The most important, and probably surprising, difficulty of dealing with vision isn’t dealing directly with the technologies themselves; it is dealing with the lighting. I cannot stress this enough. When doing any vision application, a successful outcome is based on what the camera sees. Lines that are blurry or shadows or improperly focused parts will do nothing but fail and cause unwanted results. A good lens and proper lighting are the key.
Another key element that you asked about is scaling your object. Cognex has a scaling feature that will allow the camera to be calibrated to millimeters or inches. Just use a ruler and measure; then apply. It’s very simple. This will allow for proper handling of the part at the robot end-of-arm tooling (EOAT).
If you are able, try to schedule adequate time for research and development. I found that R&D was definitely needed when first attempting my project. I tried different lens filters with different lighting and different angles of approach to determine the best output. I found in some cases I had to build a box around the part to eliminate unwanted lighting (bay doors opening and closing or plant windows when the sun comes out).

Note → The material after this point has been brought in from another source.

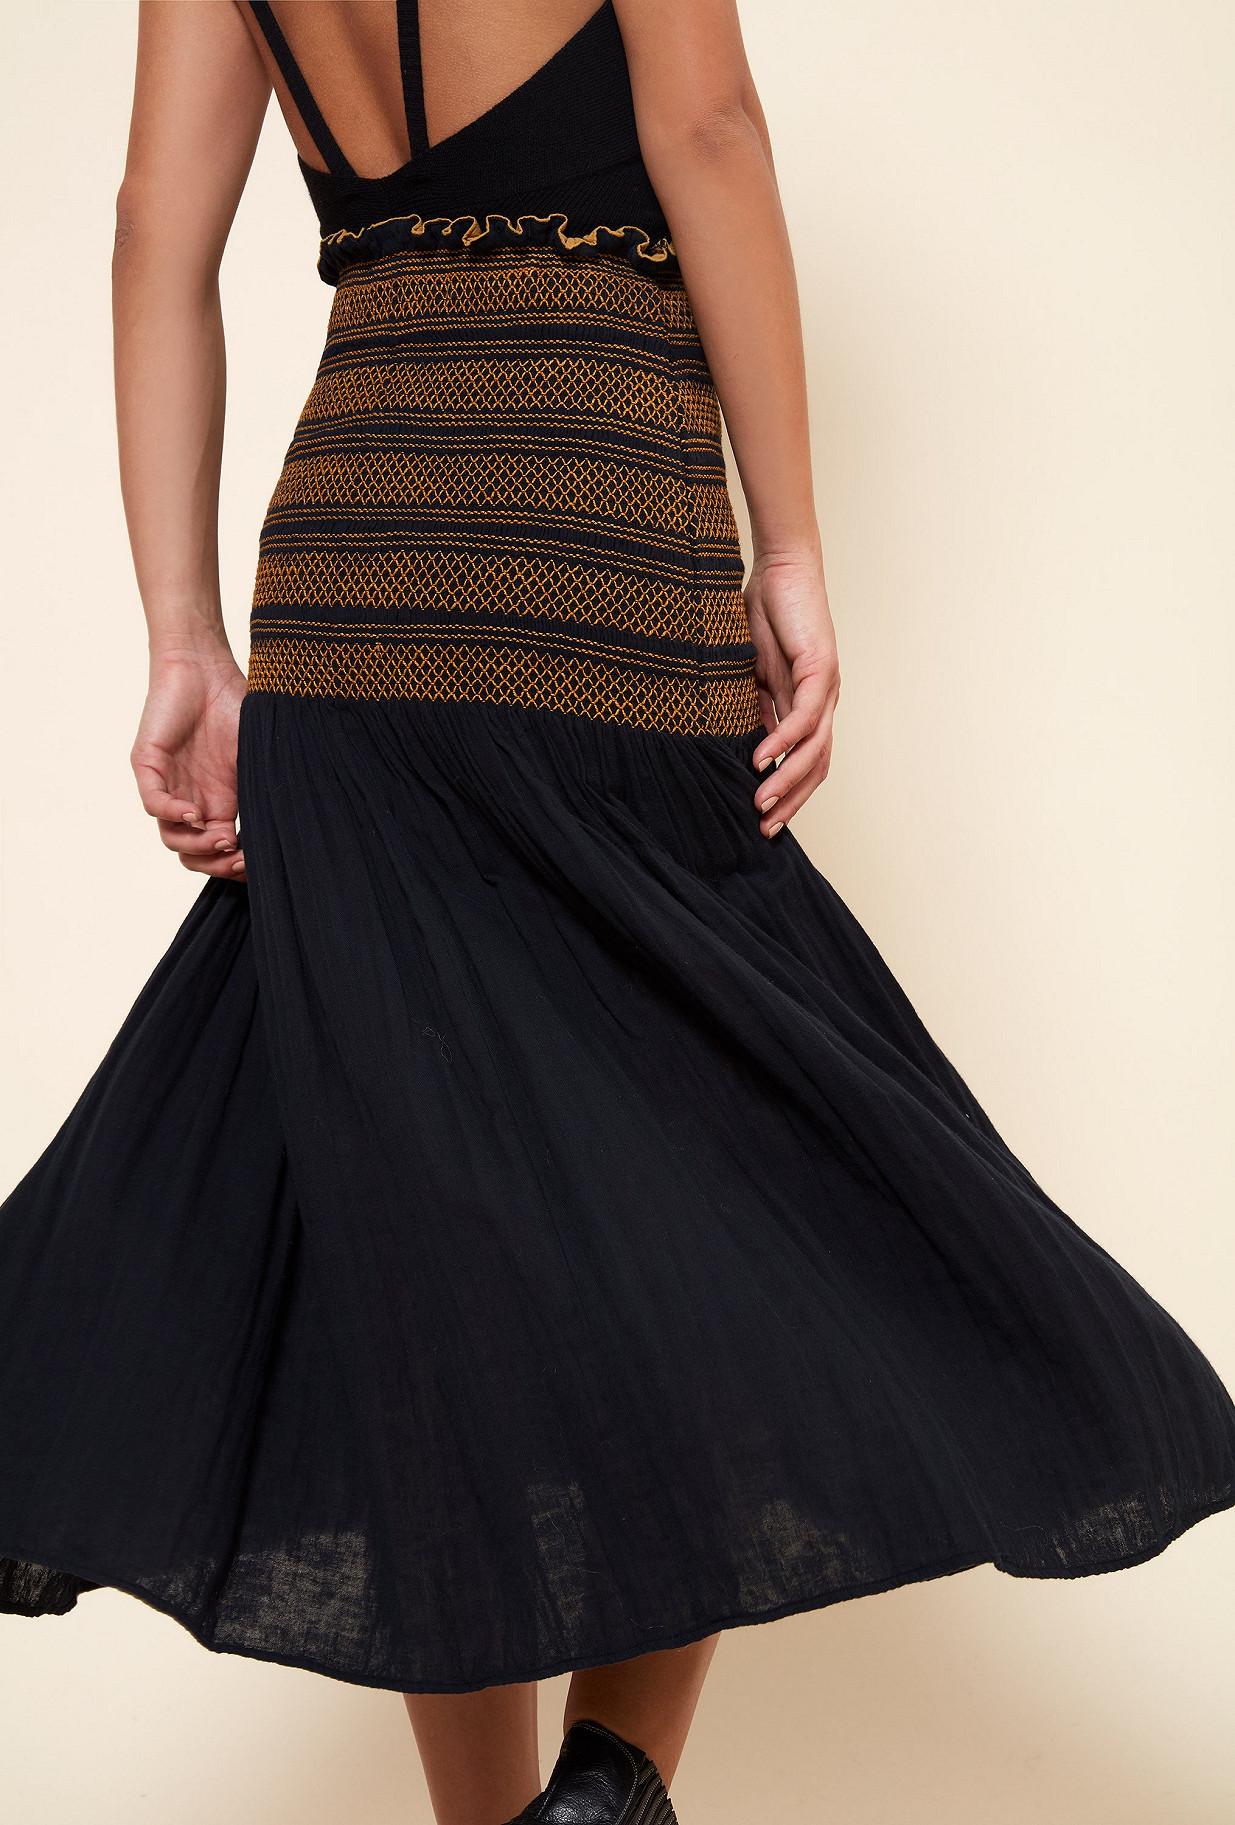 Black Skirt Toinette Mes Demoiselles Paris

If you have the time to get your hands on some of the cameras and technologies and set up a lab to do some experimenting, it will help you greatly with not just your implementation, but also in selecting your vision system and components.
All the research prior to jumping in made all the difference in the world. Once I had favorable results the process took off and worked very well.
That brings me to your final point about making it easy for operators and support personal to operate and adjust the vision systems. My experience was this: Too many hands spoil the cake.
What I mean by that is, as much as I wanted to make sure my system ran well, it was also imperative that only I programmed it and only I maintained it. Changes in the vision program were only done by me, not as job security, but simply due to the complexity of the system. Giving others access to the camera would have most likely caused issues for me. Now once you have the solution implemented and tested and running, there is no reason that, with diligent backups of the camera positions, documentation and adequate training for your support team, the burden for maintaining the system should fall only on you.